Researchers with the Centers for Disease Control and Prevention have pointed to our efforts as a model and found they led to a sharp drop in new jail cases even as the virus raged unabated in Chicago. Meanwhile, researchers that included experts from Yale and Stanford universities found jail protocols that exceeded CDC recommendations saved more than 30 lives, prevented 435 hospitalizations, and stopped 3,100 new cases over just the pandemic’s first 83 days.

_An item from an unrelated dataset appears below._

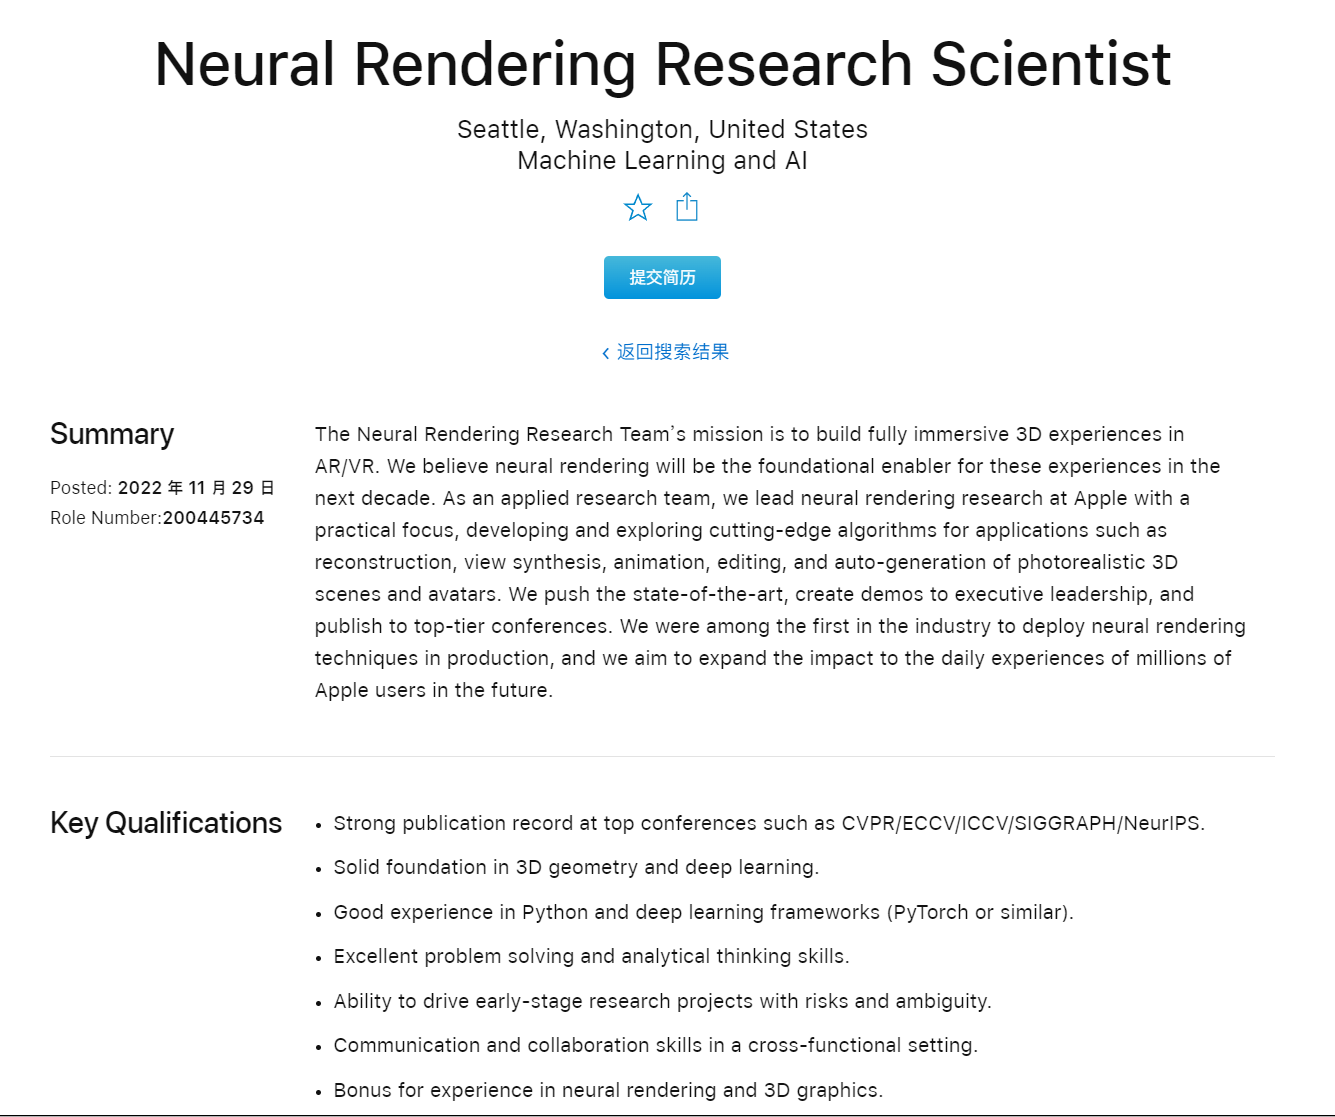 蘋果正招募神經渲染研究科學家，旨在為 AR / VR 產品打造沉浸式體驗

The authors also claimed a significant percentage of COVID-19 cases in the community originated in the jail. They failed to mention the significant limitations of that study, including that they didn’t have access to data related to those released who had COVID-19. This is of critical importance because it means they have no idea whether any of the anonymous individuals they studied were positive for the virus. As Dr. Stephanie Black, medical director of the Communicable Disease Program at the Chicago Department of Public Health, has said, ” … this study paints an alarming picture that simply is not supported by the evidence.”

Internally, we know that in the first year of the pandemic 219 individuals were positive for COVID-19 and potentially contagious out of 16,286 individuals released to the community. Meanwhile, we had stringent protocols in place to try to minimize community spread, including safe housing plans for those without a stable place to live, clear medical guidance, educational packets and directly contacting the individual’s home to ensure they could self-isolate if needed.

As of Wednesday, despite the delta variant, there were only 27 positive cases in the jail, and all but three were identified at intake and quarantined, meaning they didn’t get the virus in the jail, and we minimized spread. In fact, about 75% of positive cases since March 1 have been identified through our stringent intake testing procedures.

The authors painted the picture they wanted to see: heartless bureaucrats doing nothing while people needlessly suffer in jail in a pandemic. The truth is, there are no easy answers or bad guys in this story, just people trying their best to help each other through an unprecedented pandemic. Spreading misinformation and half-truths for policy goals helps no one in these times.

Thomas J. Dart is the sheriff of Cook County, Illinois.